Corporate Bond Issuance Process

Corporations issue bonds publicly to raise money for various spending needs. Corporate bond issuance goes through a typical process that also involves an underwriter, a legal counsel and some form of a closing agent. While the issuer itself must prepare to formulate the basic bond issuance structure, the underwriter takes charge of marketing the bond issuance, the legal counsel drafts any public statements and the closing agent executes fund distributions.


The bond issuer initiates the bond issuance process by formulating a basic structure for the bond issuance, sometimes with the help of a financial adviser. Matters involved in the issuance structure include the purpose of the bond issuance, such as investing in a capital project, retiring an earlier debt or other uses that the company board deems appropriate; preliminary terms of the bond's coupon rate, interest payment dates and maturity years; and selling method of the bond -- whether to negotiate with one underwriter or collect bids from multiple underwriters.


The underwriter, often an investment bank, starts its work based on the bond issuance structure established by the issuer. Sometimes the underwriter helps structure the bond issuance. But the main job of an underwriter is to market the bond issuance to the investing public. Underwriting requires that the underwriter first purchase the entire bond issuance from the corporate issuer and deliver the proceeds to the company; the underwriter then resells them to bond investors through its network of marketing forces.

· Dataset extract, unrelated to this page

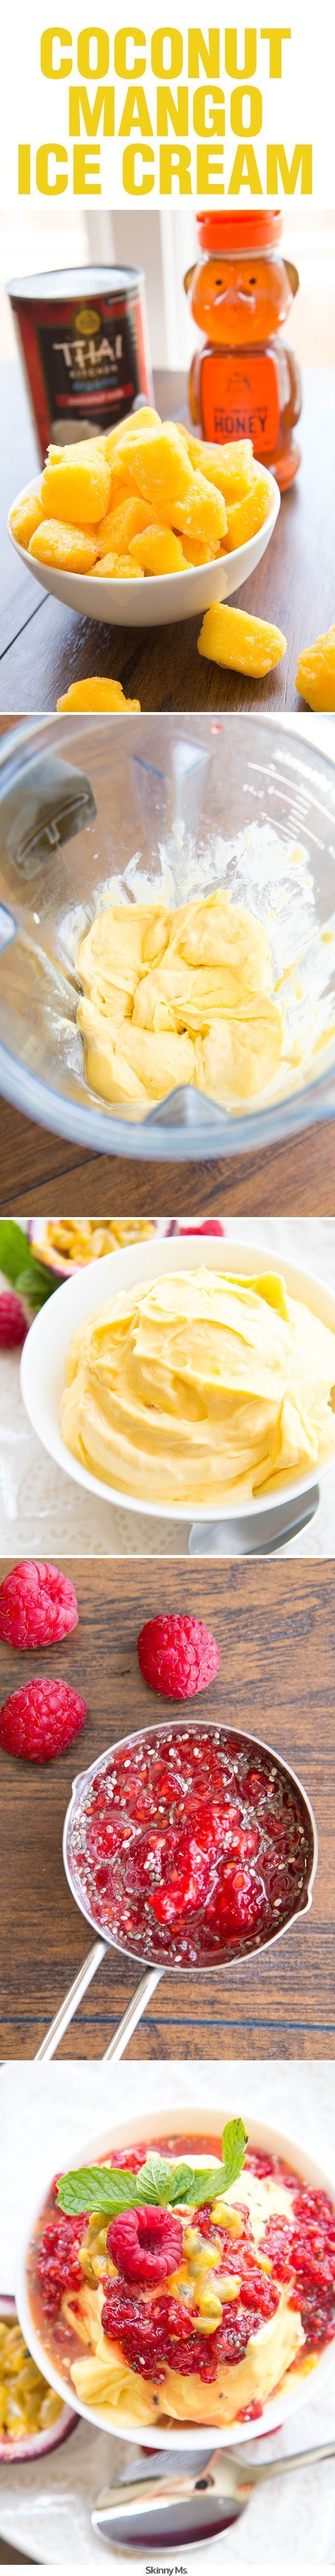 Make your own creamy, soft-serve style ice cream using just three ingredients: coconut milk, frozen fruit, and honey. #mangoicecream

The legal counsel helps draft legal documents and public statements covering a range of matters concerning the issuer, the bond issuance and other legal aspects of the bond financing. For example, the legal counsel must give his legal opinions to address certain public concerns such as whether the issuer is a viable enterprise and whether material litigation is pending against the issuer. The legal counsel also helps deliver necessary public disclosure statements to bond purchasers, including the bond issuance prospectus.


The primary agent involved at the closing is the so-called paying agent or a trustee who is responsible for distributing bond proceeds and servicing the debt on behalf of the bond issuer during the entire bond term. The paying agent often is a bank chosen by the bond issuer. At the closing of the bond issuance, the paying agent delivers the sales proceeds of the bond from the underwriter to the issuer after paying any issuance costs. The paying agent is also in charge of making interest payments and returning bond principal to bondholders when they're due.